Research on the risk spillovers between Shanghai, Shenzhen and Hong Kong stock markets—Based on the time varying ΔCoVaR model
LIN Juan1,2,3, ZHAO Hailong1
1. Department of Finance, School of Economics, Xiamen University, Xiamen 361005, China; 2. Key Laboratory of Econometrics(Xiamen University), Ministry of Education, Xiamen 361005, China; 3. Wang Yanan Institute for Studies in Economics, Xiamen University, Xiamen 361005, China
Abstract:This paper uses the ΔCoVaR approach to estimate the tail risk spillover effects between Shanghai/Shenzhen and Hong Kong stock markets from November 2006 to December 2018. The results show that:1) There exist the significantly positive spillover effects between Shanghai/Shenzhen and Hong Kong stock markets in both directions; 2) The spillover effects from Hong Kong to Shanghai/Shenzhen stock market are stronger than those from Shanghai/Shenzhen to Hong Kong stock market; 3) There exist more fluctuations in the spillover effects between Shenzhen and Hong Kong stock markets than those in the spillover effects between Shanghai and Hong Kong stock markets; 4) After the launch of the ‘Shanghai-Hong Kong Stock Connect’ and ‘Shenzhen-Hong Kong Stock Connect’, the spillover effects between Hong Kong and Shanghai/Shenzhen stock markets do not appear to change significantly.

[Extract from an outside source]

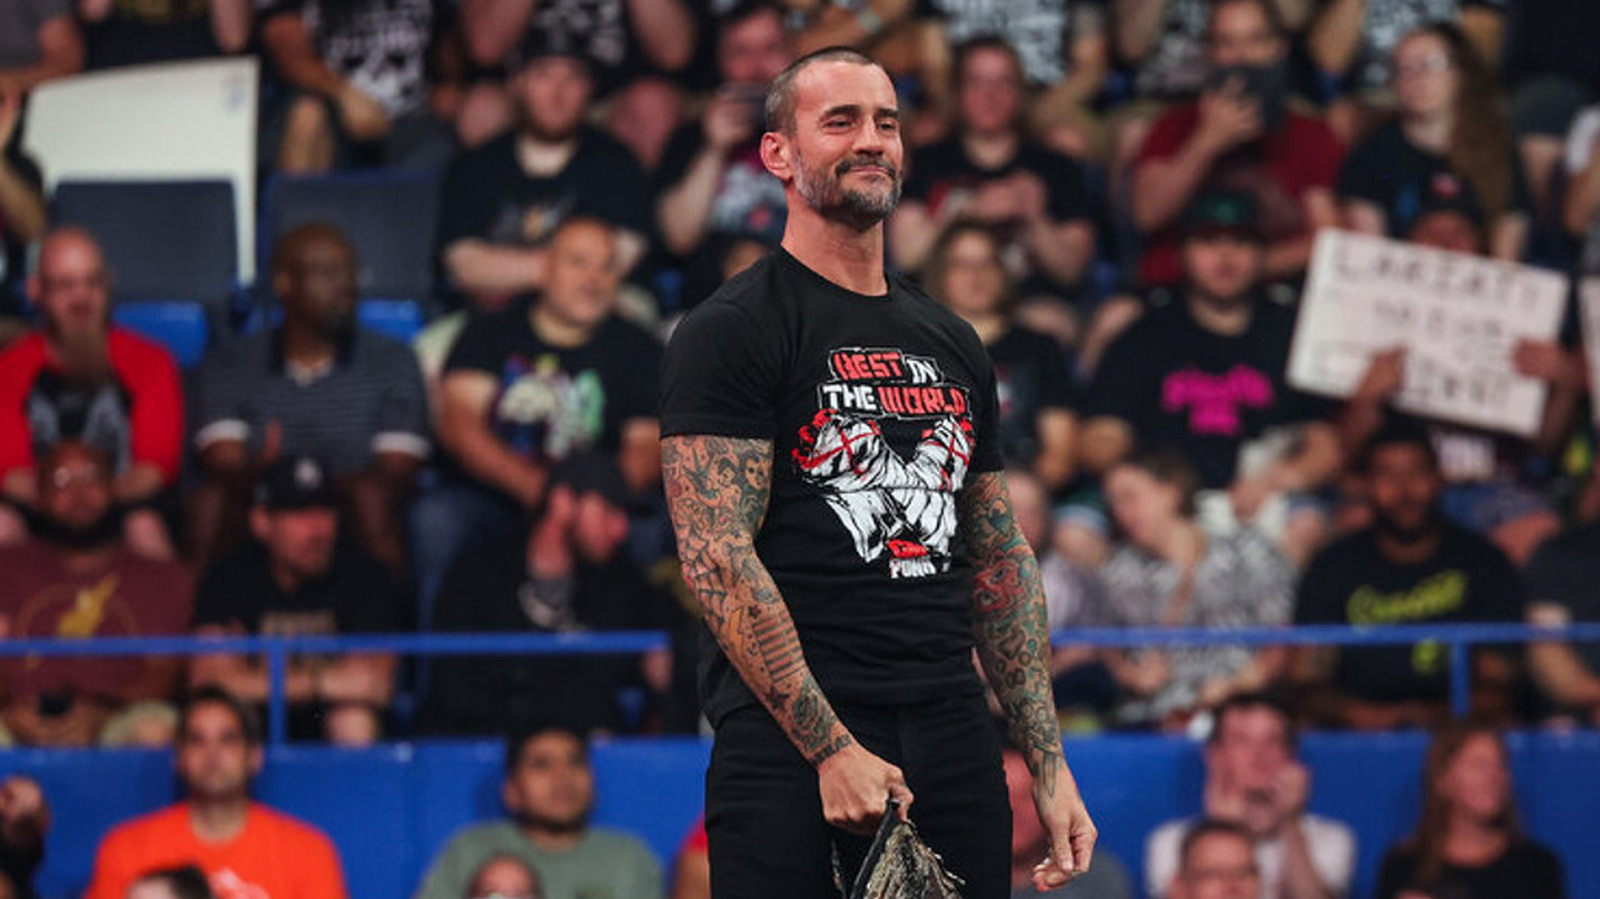 CM Punk supuestamente escoltado a su vestuario por seguridad después de AEW All In Match

林娟, 赵海龙. 沪深股市和香港股市的风险溢出效应研究——基于时变ΔCoVaR模型的分析[J]. 系统工程理论与实践, 2020, 40(6): 1533-1544.
LIN Juan, ZHAO Hailong. Research on the risk spillovers between Shanghai, Shenzhen and Hong Kong stock markets—Based on the time varying ΔCoVaR model. Systems Engineering - Theory & Practice, 2020, 40(6): 1533-1544.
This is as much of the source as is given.